[EXERCISE AIM] Retype the listing found below exactly, but leave out each picture.

[COLLECTED DATA]

"""

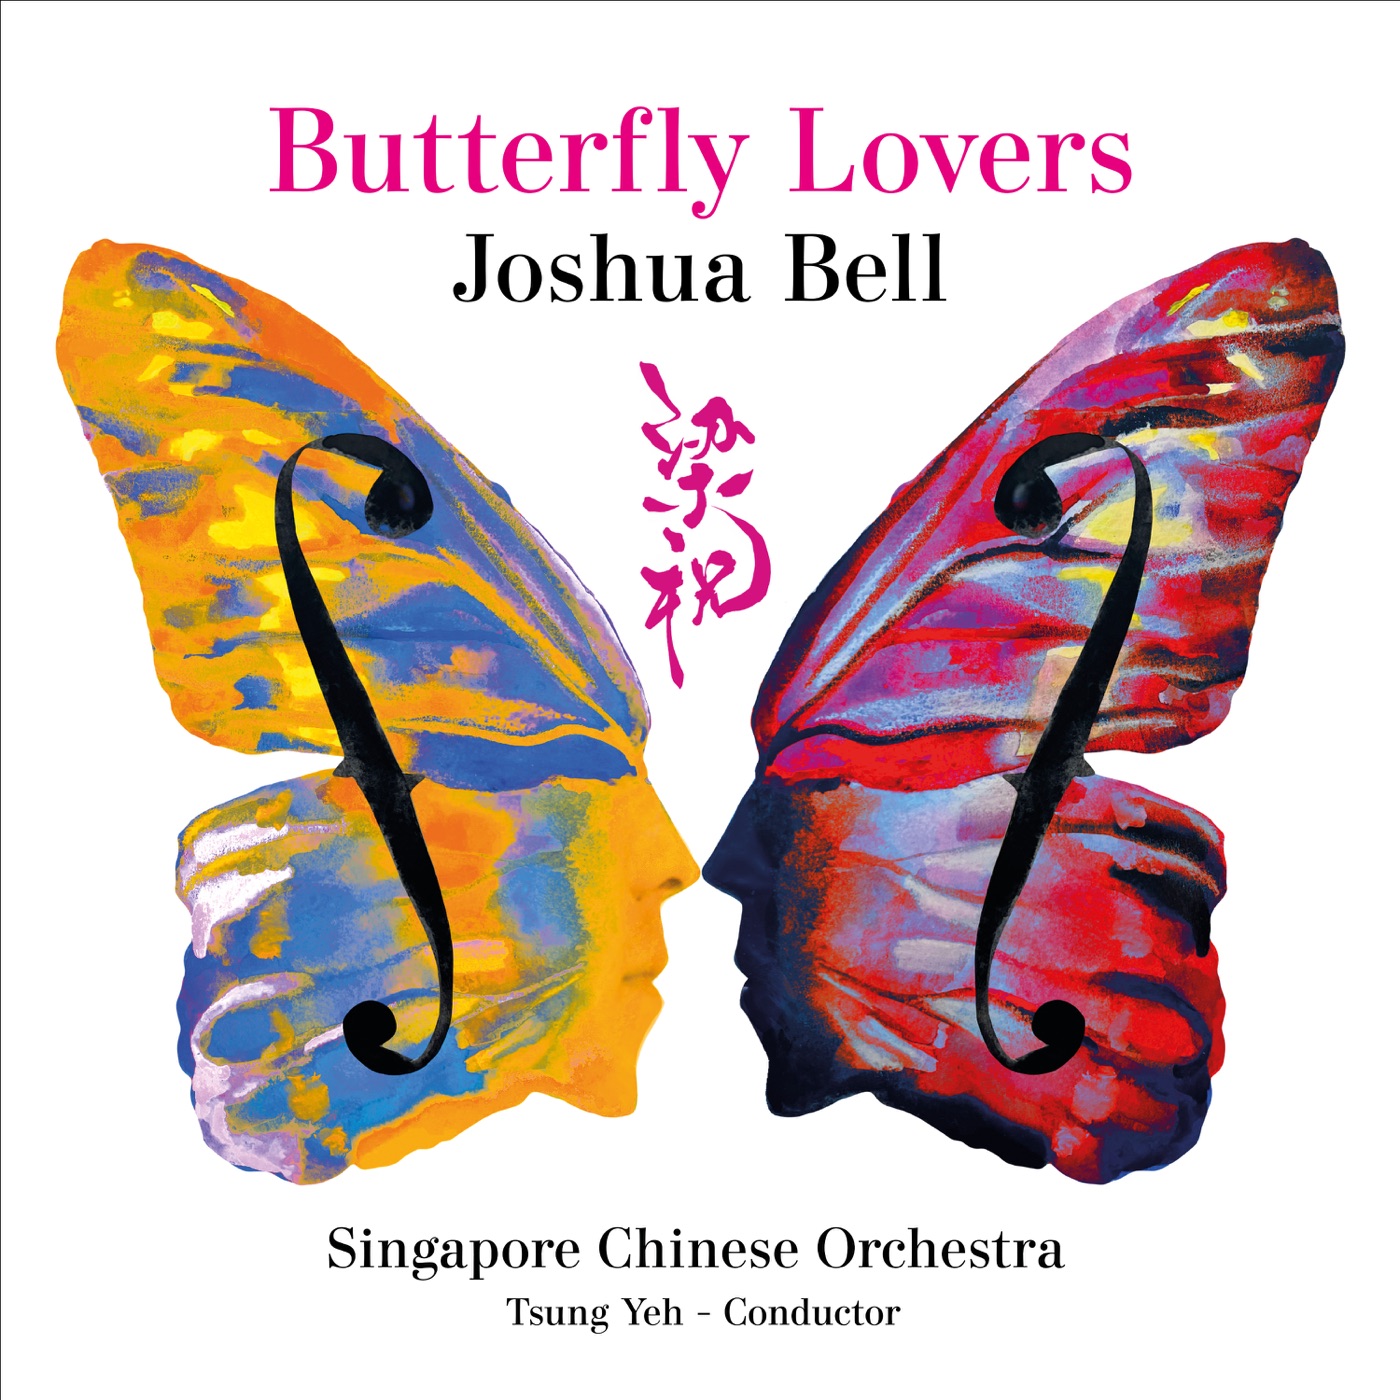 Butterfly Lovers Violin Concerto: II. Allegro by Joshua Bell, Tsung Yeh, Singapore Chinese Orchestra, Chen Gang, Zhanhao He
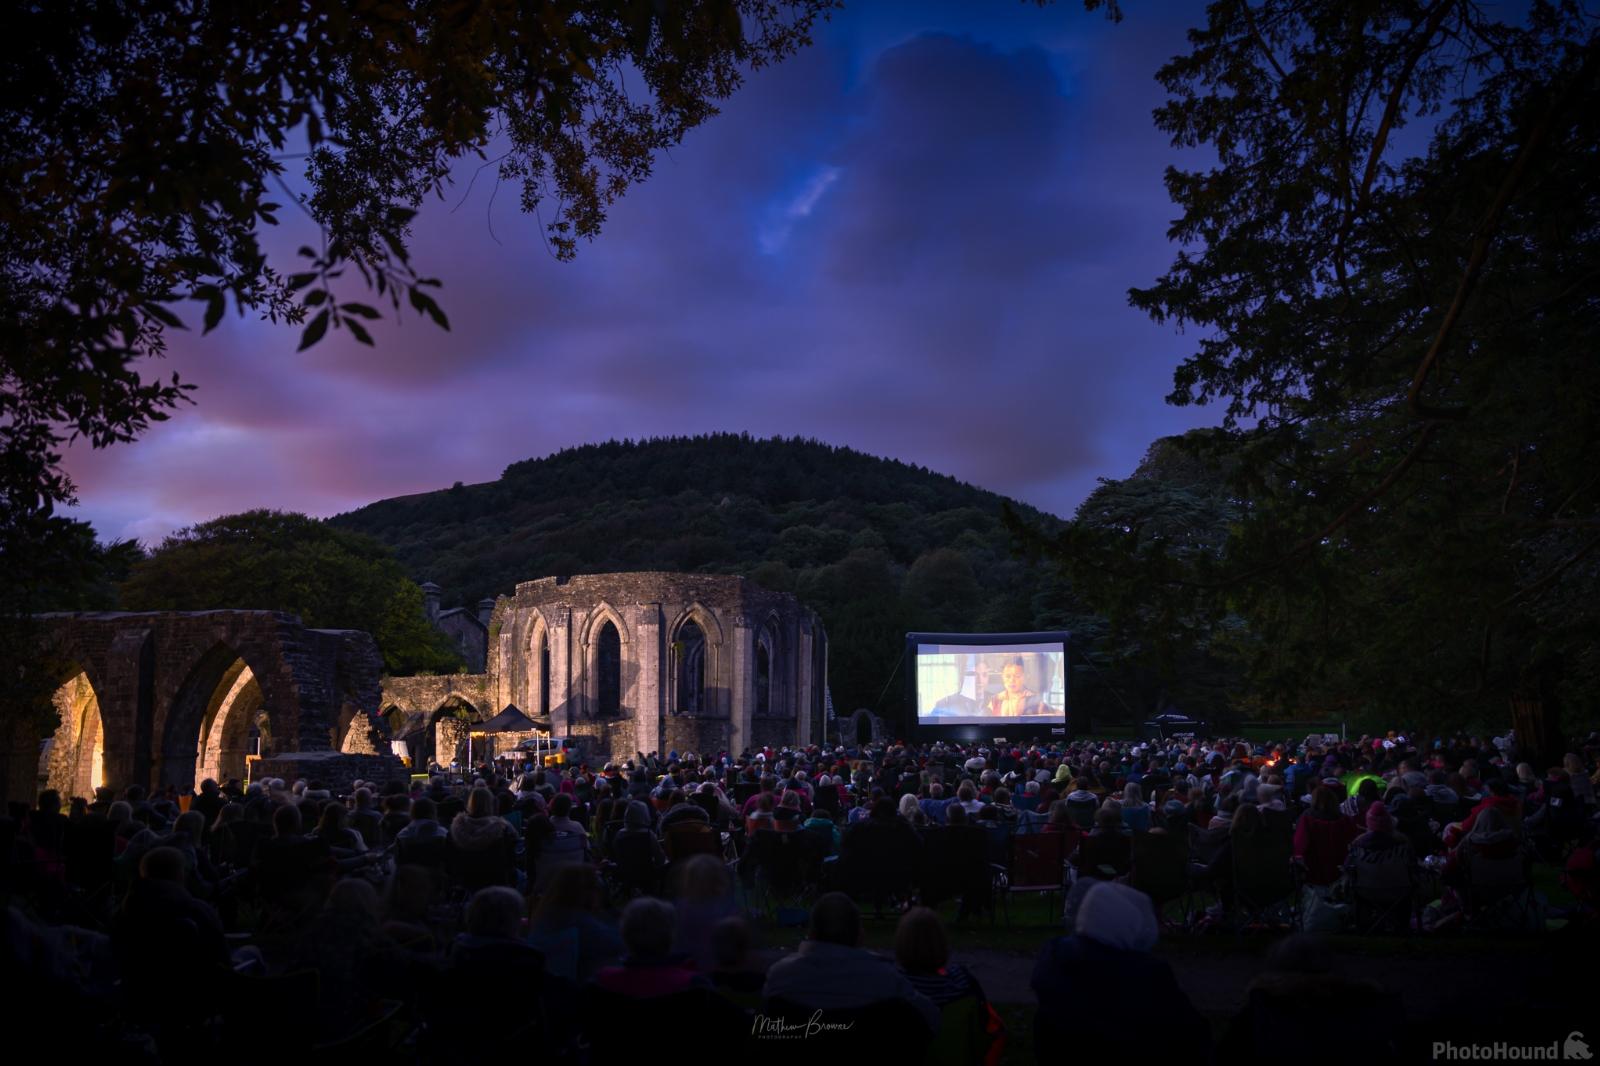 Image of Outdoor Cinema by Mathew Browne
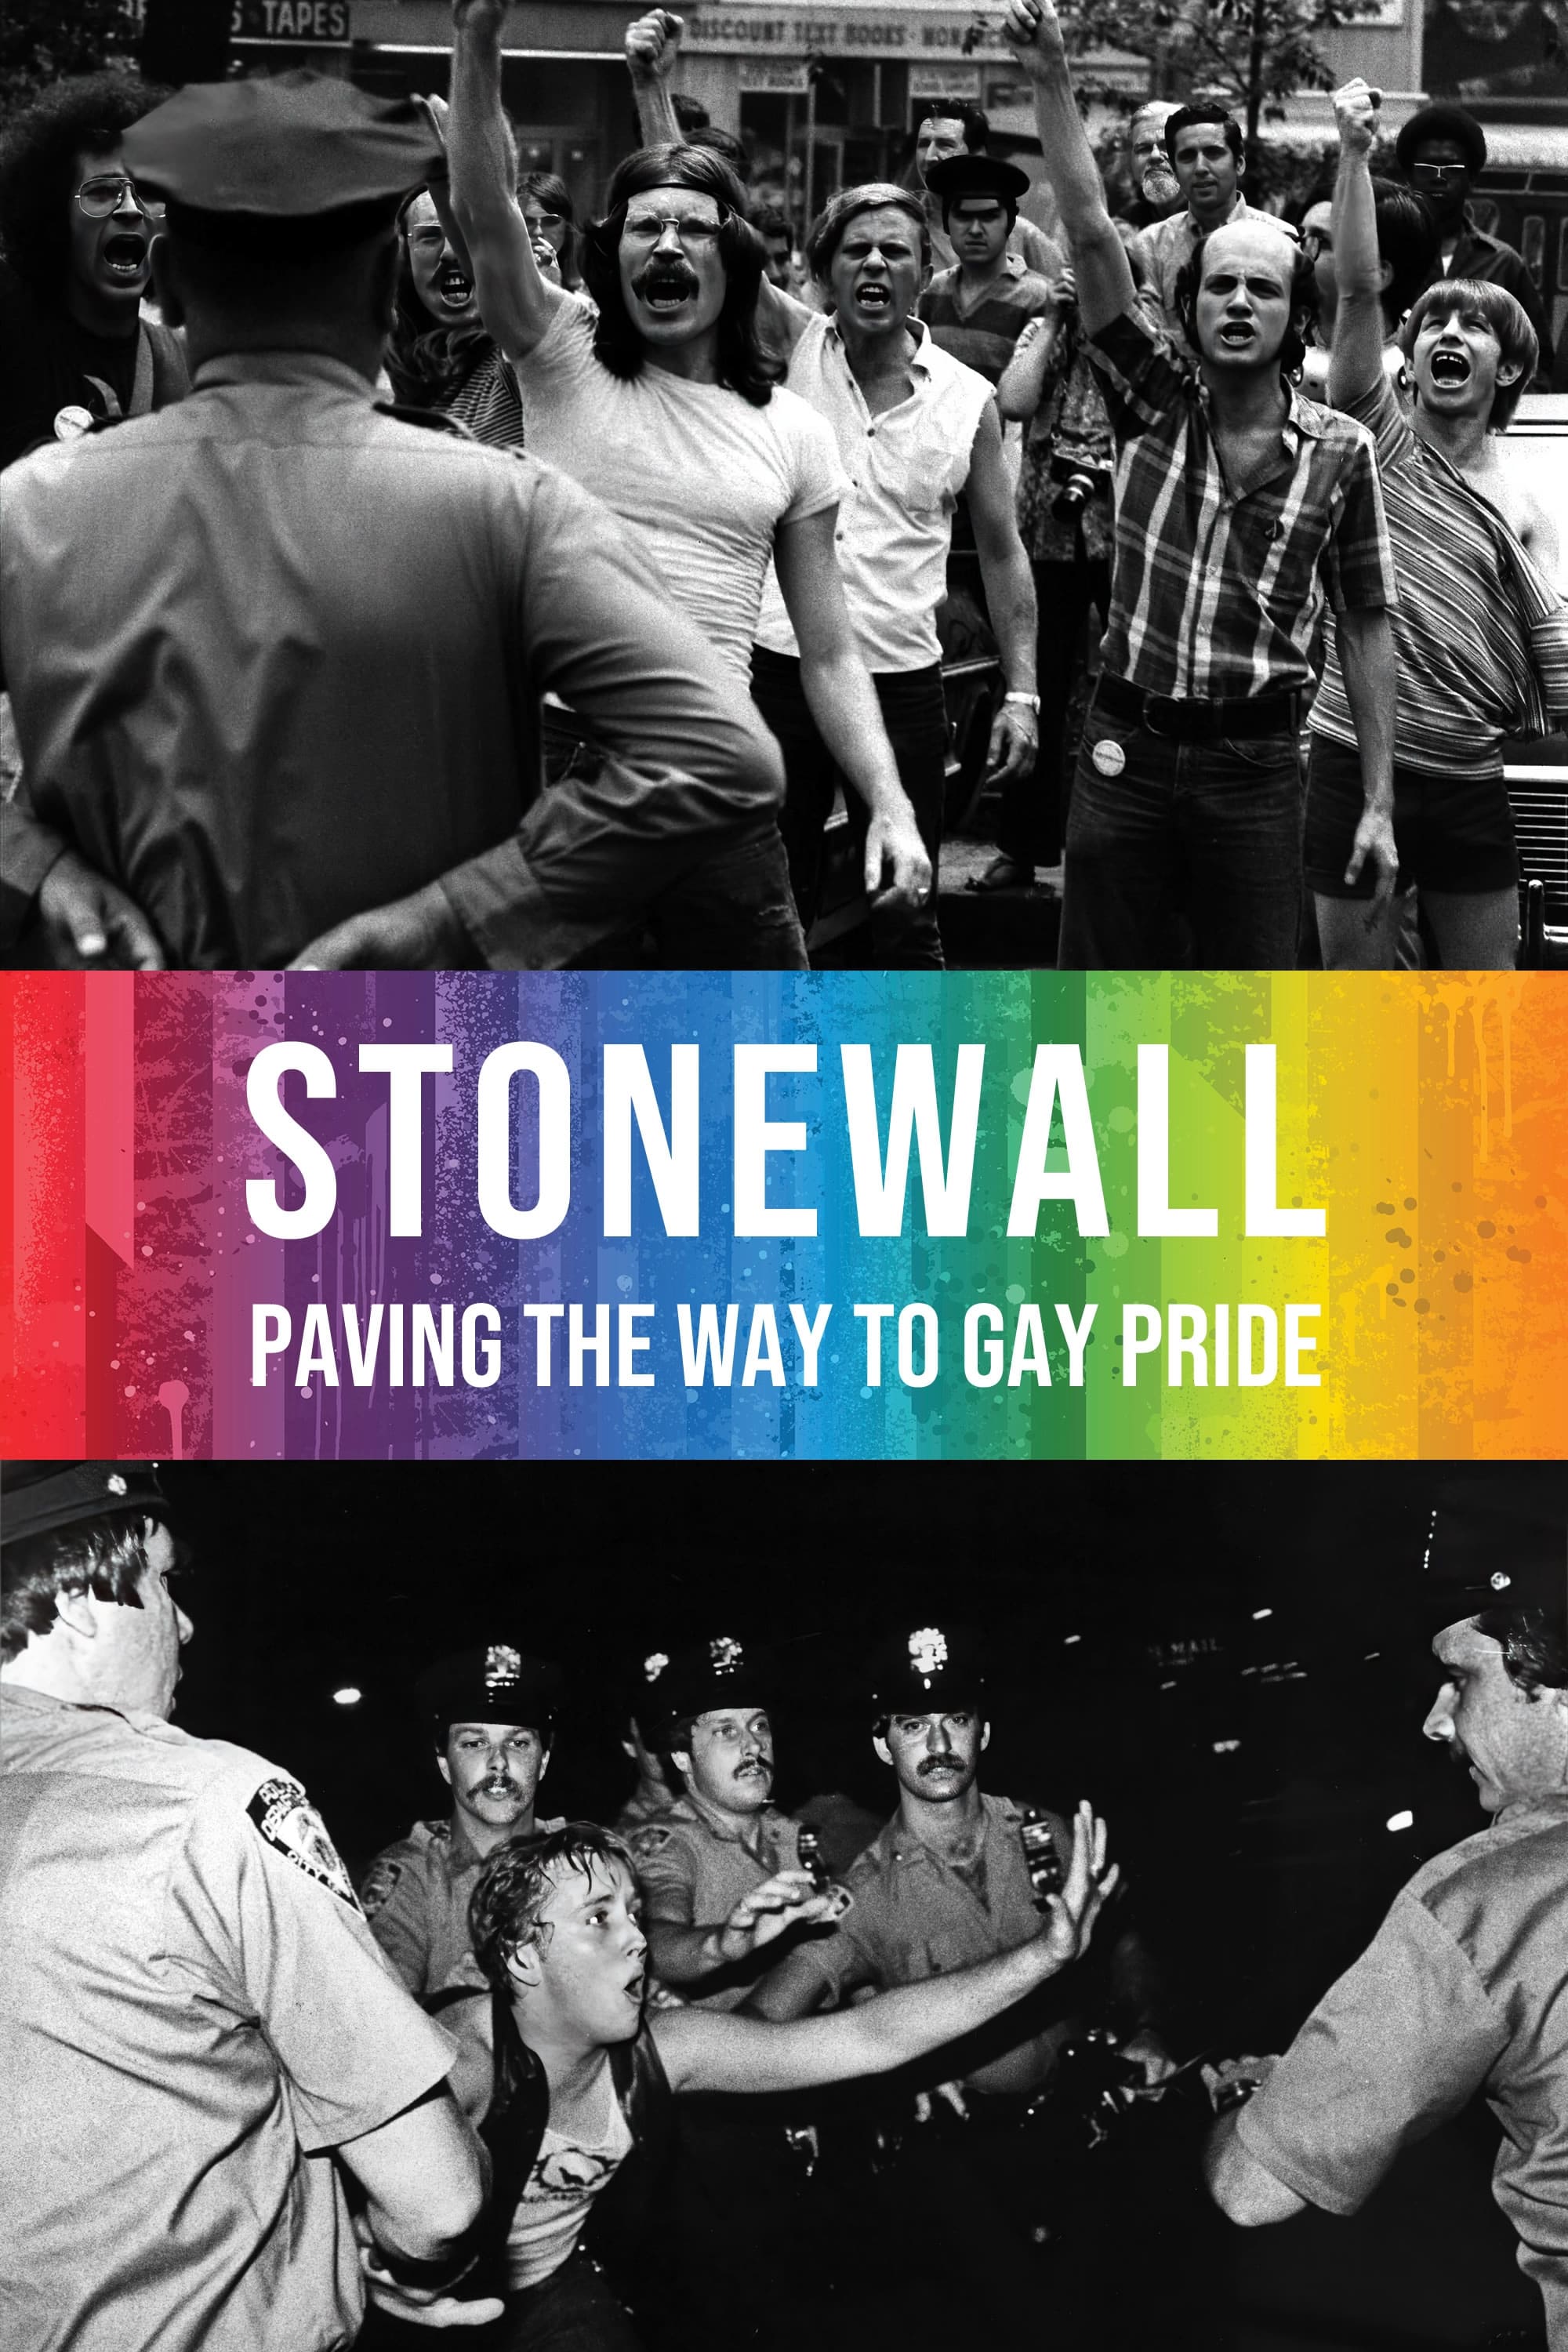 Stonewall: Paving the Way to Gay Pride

"""

[TASK RESPONSE]
 Butterfly Lovers Violin Concerto: II. Allegro by Joshua Bell, Tsung Yeh, Singapore Chinese Orchestra, Chen Gang, Zhanhao He
 Image of Outdoor Cinema by Mathew Browne
 Stonewall: Paving the Way to Gay Pride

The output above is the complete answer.